Home Depot (HD -1.77%) announced its first-quarter 2020 earnings results today, and they missed analyst estimates. But looking deeper into the report should make investors feel good, as the additional costs related to COVID-19 were for worker bonuses and other new benefits. Additionally, the home improvement retailer saw sales rise 7% compared to the year-ago quarter, and same-store sales growth came in at a strong 6.4%. 

Though net income missed average analyst estimates by $0.19 per share, the company said the additional employee expenses related to the pandemic cost it $0.60 per diluted share after taxes. 

wood supply aisle at home improvement retailer

Image source: Getty Images.

Those expenses included expanded paid time off for hourly associates that will be paid out if not used by the end of the year, along with additional time off for associates over 65 years of age, or who are at a higher risk. The company also doubled overtime pay, provided weekly bonuses for employees at retail stores and distribution warehouses, and extended other family healthcare benefits. 

CEO and chairman Craig Menear discussed how the company adjusted operations to be able to continue serving customers as an essential business during the ongoing pandemic.

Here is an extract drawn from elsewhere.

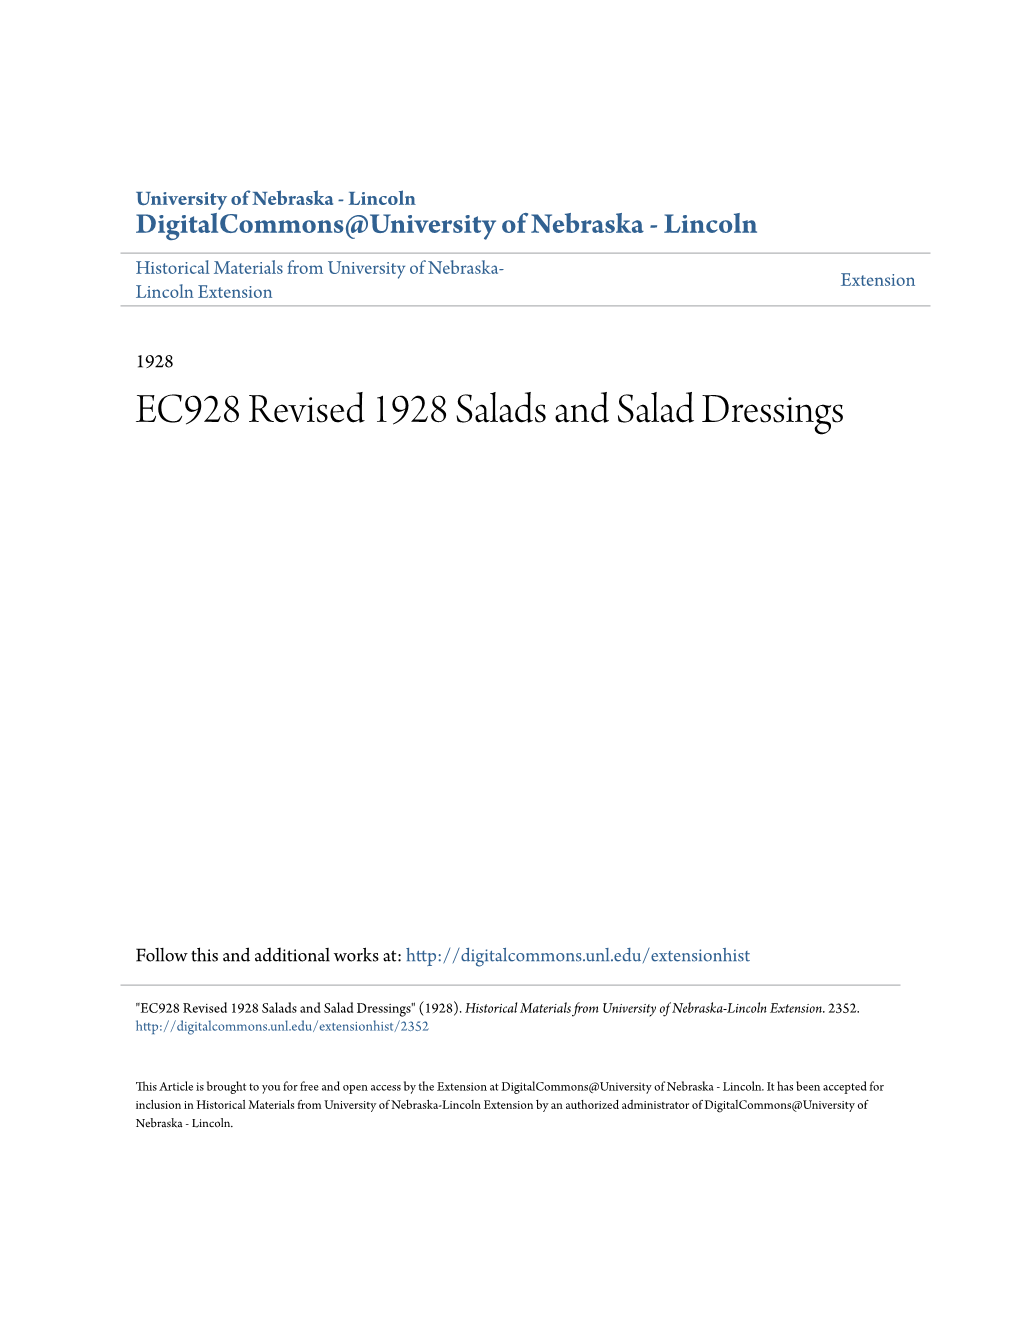 EC928 Revised 1928 Salads and Salad Dressings

He said the priorities were "working to ensure the safety and well-being of our associates and customers, and providing our customers and communities with essential products." 

New procedures to support those priorities included revising store hours to increase time for sanitizing and restocking essential products, limiting customer traffic, and canceling the company's Spring Black Friday event to prevent additional store traffic. Home Depot also said it was maintaining its quarterly dividend to shareholders.